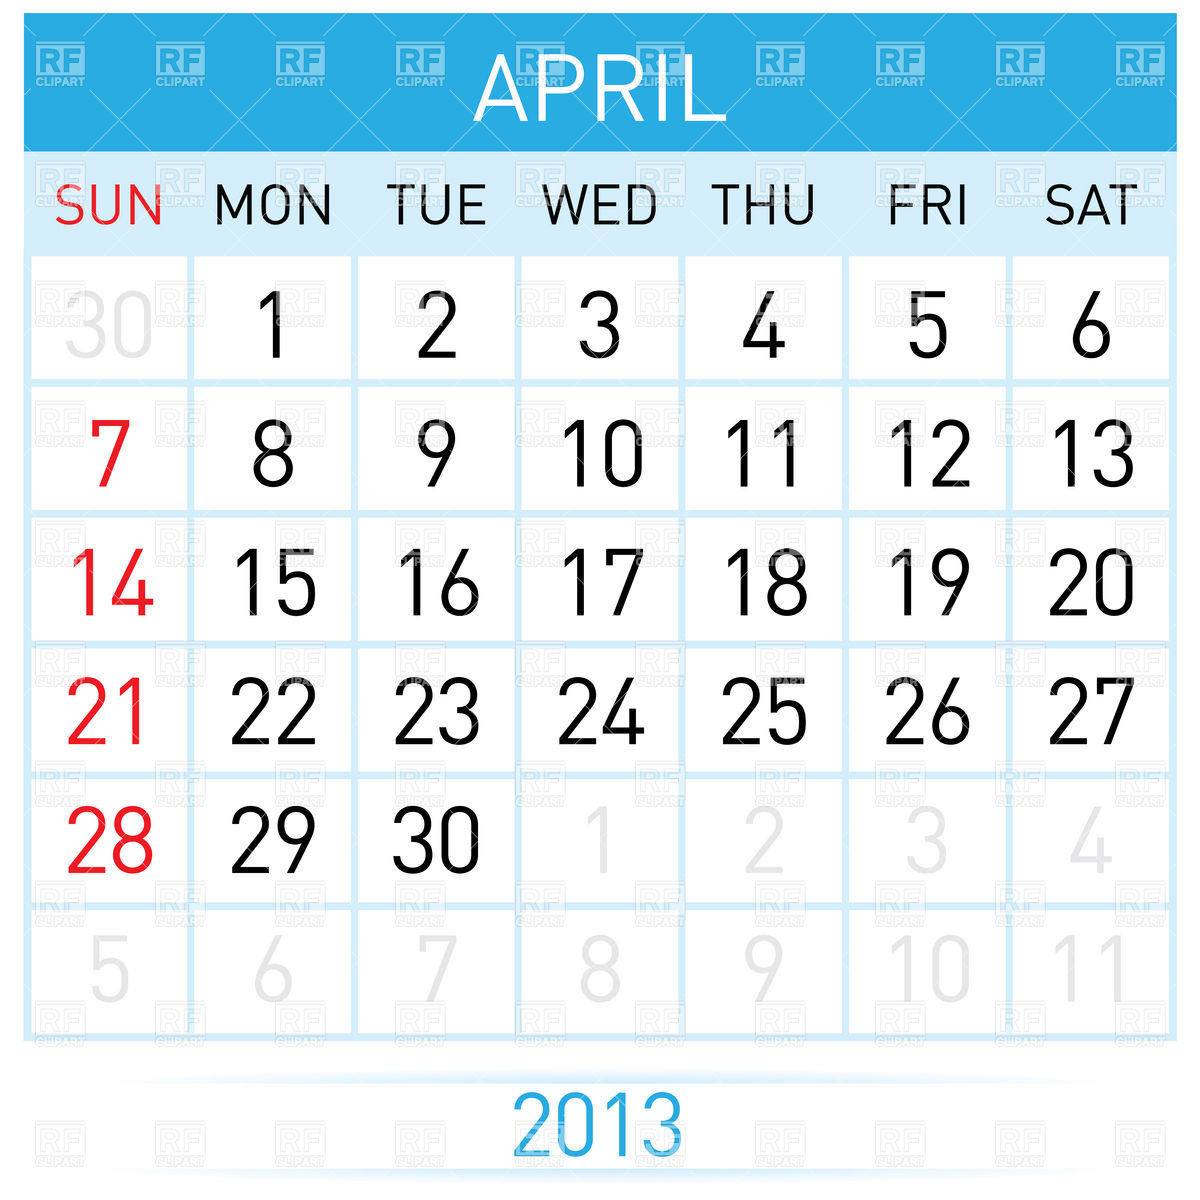 April 2013 Month Calendar 7028 Calendars Layouts Download Royalty
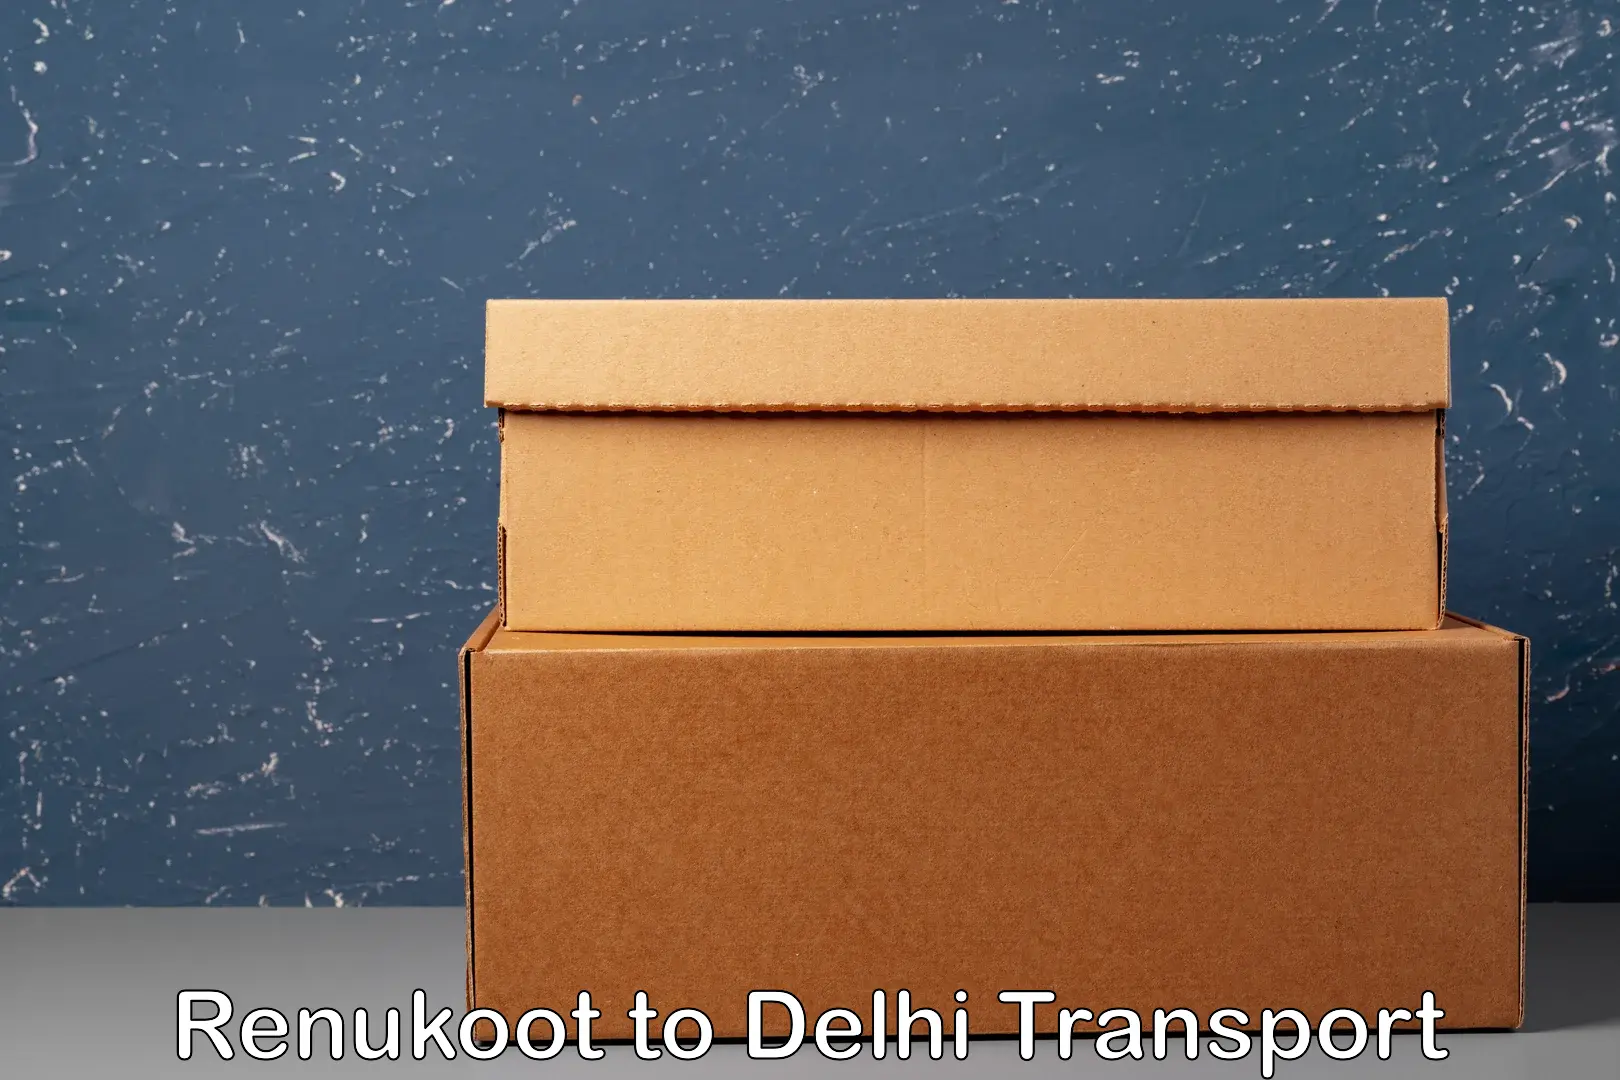 Daily transport service Renukoot to East Delhi
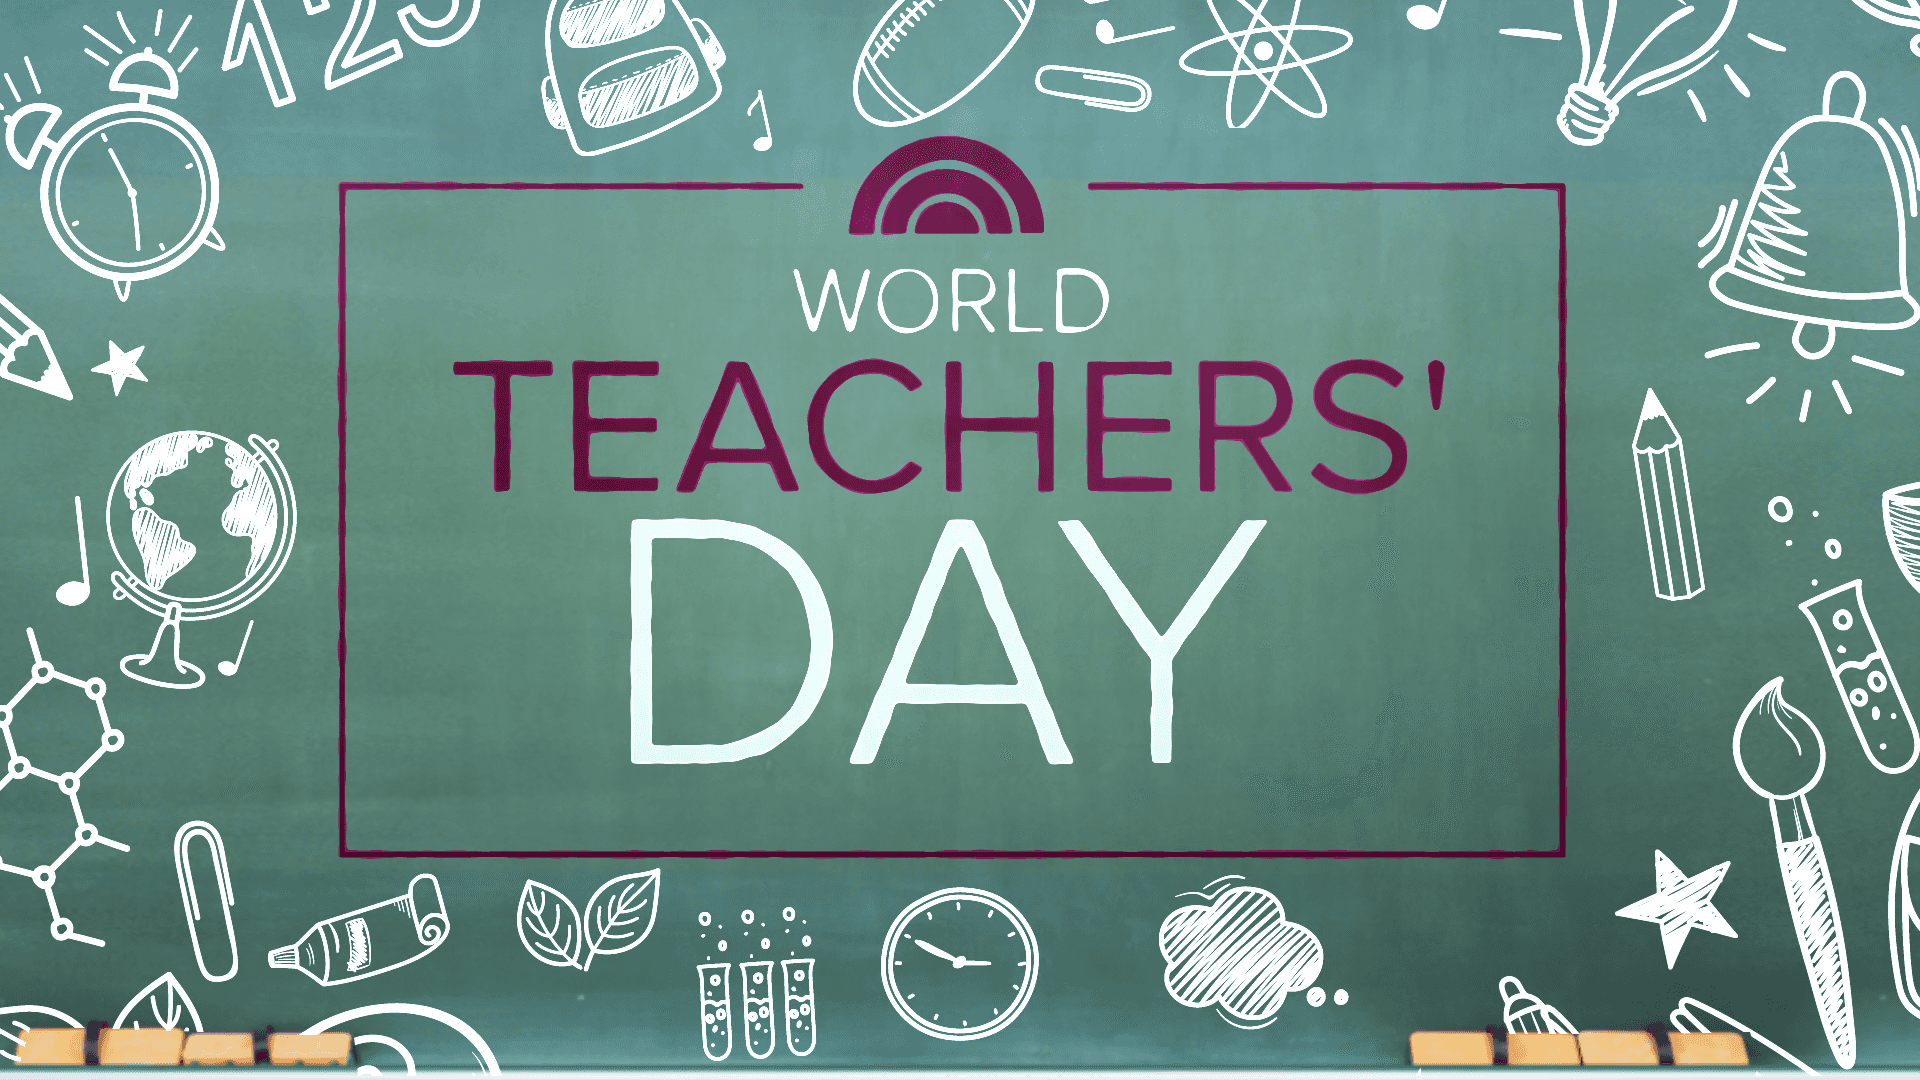 World Teachers Day - A Chalkboard With A Chalkboard Background

------------------------------

Begin at the line containing "Daily transport service" and stop at the final line of the data. Retype those lines exactly, without the pictures.

 Daily transport service Renukoot to East Delhi
 World Teachers Day - A Chalkboard With A Chalkboard Background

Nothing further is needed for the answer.